Hoe preekte De Cock? Schreef hij zijn preeken uit of gebruikte hij een schets? Er is in het genoemde archief een schets over den eersten Zondag. Weet men nu stellig op te maken uit het handschrift dat De Cock die schets geschreven heeft, dan kan men eenige gegevens van geen geringe waarde aan dit stukje ontleenen.
Maar daar is nog veel meer! De bron hierdoor aangeboord vloeit sterk, steeds rijkelijker. Daar ligt voor mij een brief geschreven uit Nijkerk op de Veluwe, 8 Mei 1834, geteekend: uw liefh. Vriend en Broeder in ’t geloof C. C. Callenbach; de brief is geadresseerd aan Mejufvrouw de Cock, Huisvrouw van den Weleerw. Zeer Gel. Heer H. de Cock, Geref. Leeraar te Ulrum bij Groningen. Evenwel de eerste drie-en-twintig regels zijn niet geschreven met de hand van Nijkerk’s bekenden predikant Callenbach; ook zijn ze niet onderteekend; toch zonder eenigen twijfel geschreven door De Cock; moge dit al blijken uit den aanhef, het schrift laat daaromtrent evenmin twijfel toe. Bij inzage van den brief zoudt ge zeggen: het opschrift alleen sluit toch reeds allen twijfel uit omtrent den brief: Hartelijk geliefde echtgenoote en kinderen en Gemeente zoo van Ulrum als elders! Ieder die de geschiedenis der Afscheiding navorscht zal blijde zijn van de hand van De Cock dit opschrift te lezen; dat als elders houdt een kostbaar gegeven in voor De Cock’s beschouwing, nog vóór de daad op 14 October van datzelfde jaar, omtrent zijn gemeente en zijn werk voor haar!

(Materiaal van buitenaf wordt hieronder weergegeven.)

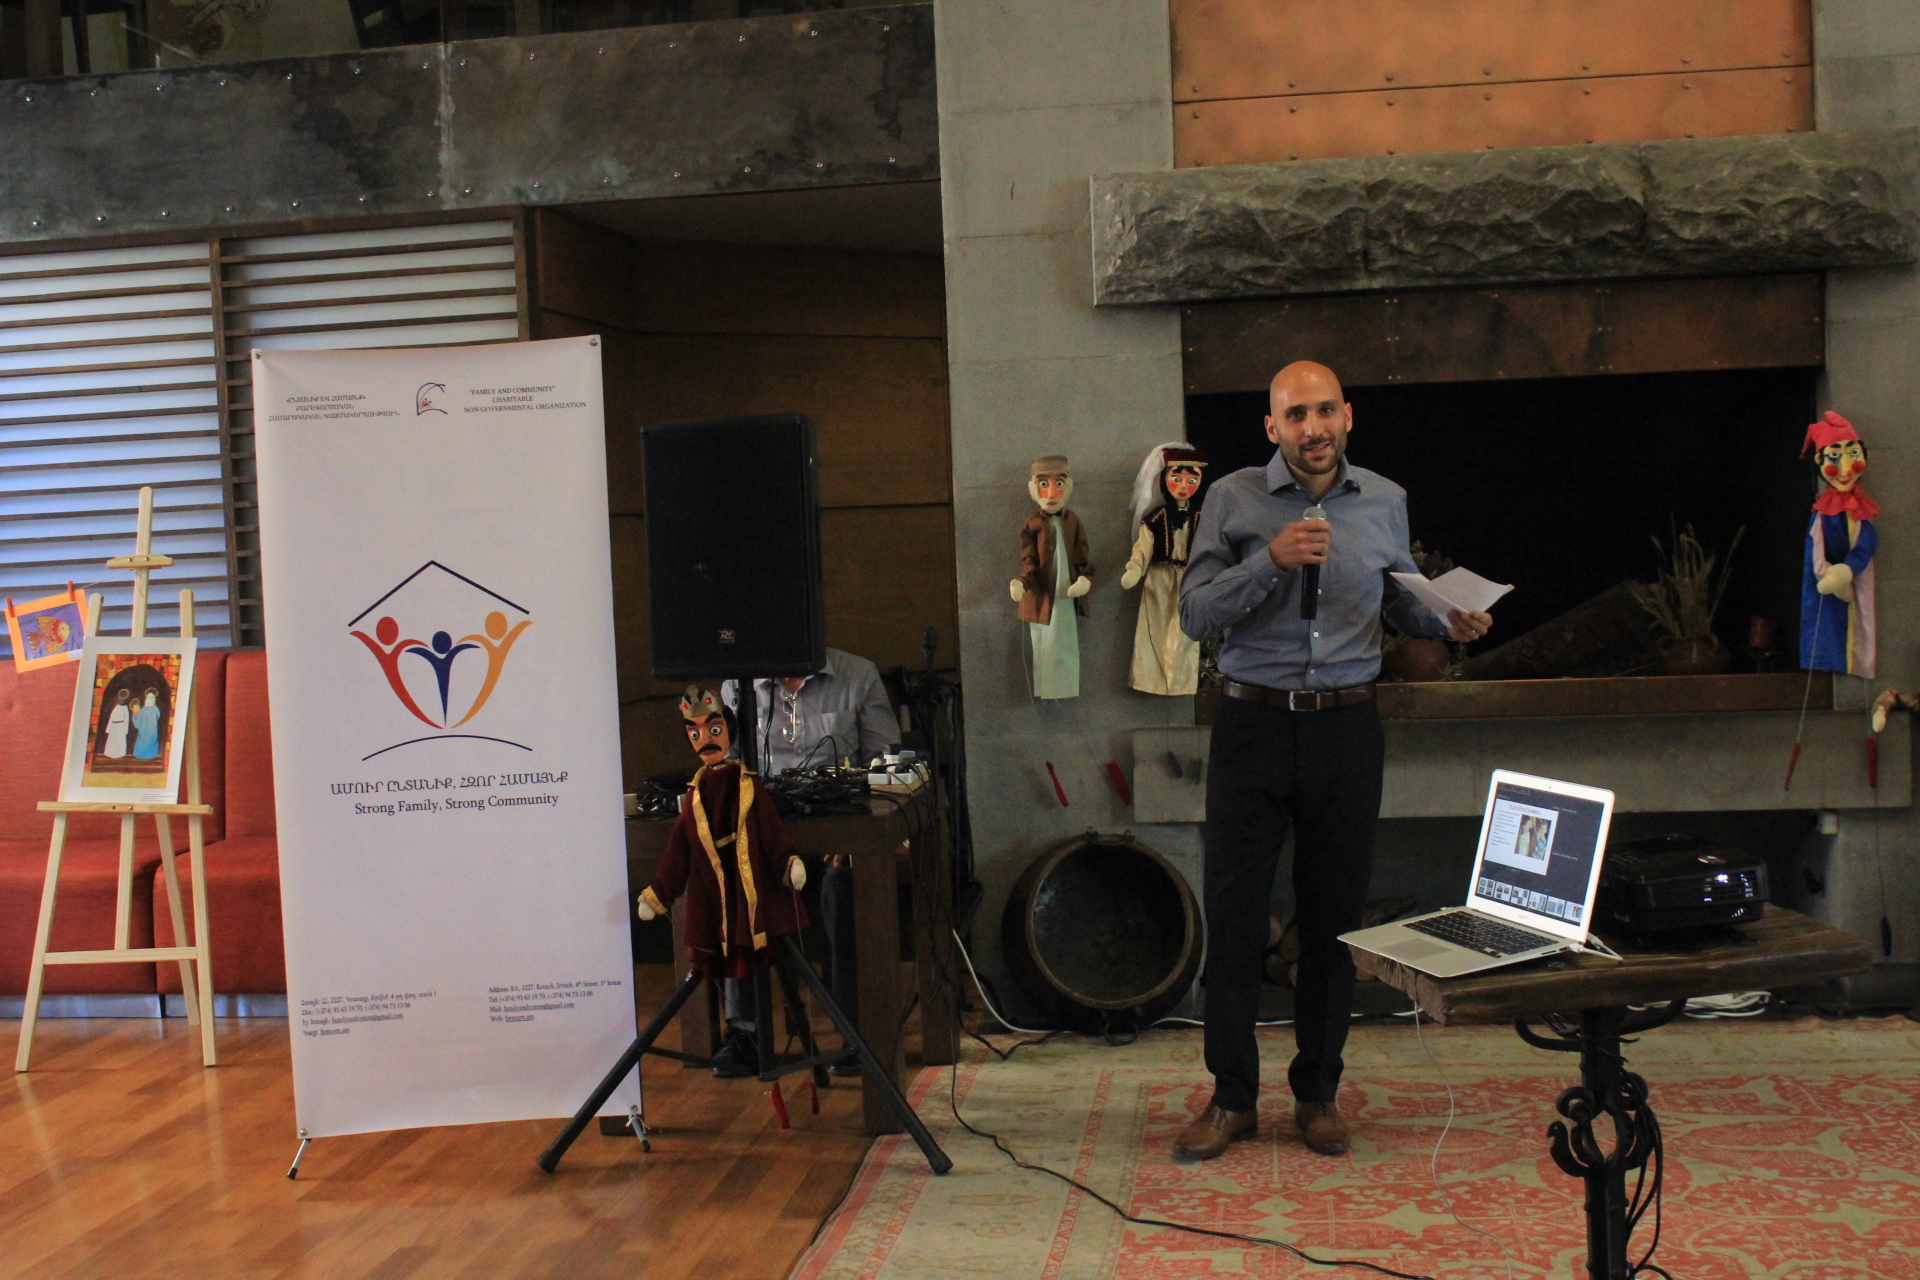 4.	Rupen Janbazian of the Tufenkian Foundation welcomes guests and shares remarks on behalf of the Foundation. 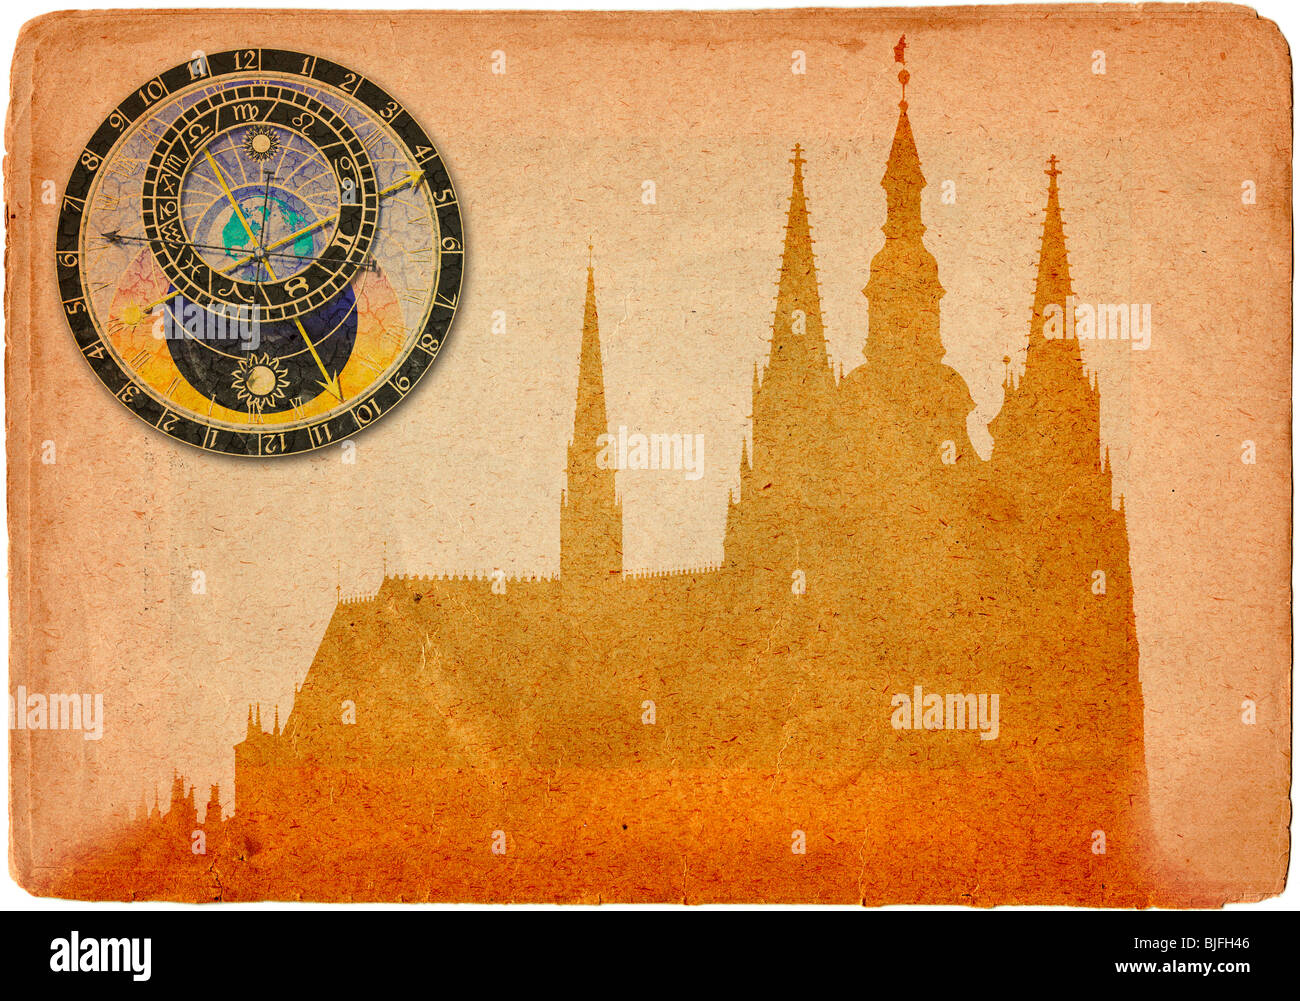 Prague castle and Cathedral of St Vitus with astronomical clock in grunge style Stock Photo

Toch moet ik hier nog iets bijvoegen. Uit de gevangenis ontslagen, ging De Cock dra op reis, gemeenten werden gesticht enz. enz.; in haast schreef hij brieven aan zijn vrouw „mejufvrouw de Cock”. Sommigen dier brieven zijn door hemzelf geschreven, maar eenige zijn niet van zijn hand, maar door anderen geschreven; zoo toen hij te Kampen werd opgepakt, des nachts gewekt in zijn cachot en toen om drie uur naar Zwolle getransporteerd om voor den rechter te verschijnen. Anderen schreven dat aan zijne vrouw alsof het door hem geschreven was. Zoo ook uit den Haag: een brief geadresseerd aan zijne vrouw als door hem geschreven, echter niet met zijn hand, maar met die van J. van Golverdinge Sr. Dit kleine trekje uitgewezen door het handschrift zegt, hoe bezet zijn tijd was op deze reize.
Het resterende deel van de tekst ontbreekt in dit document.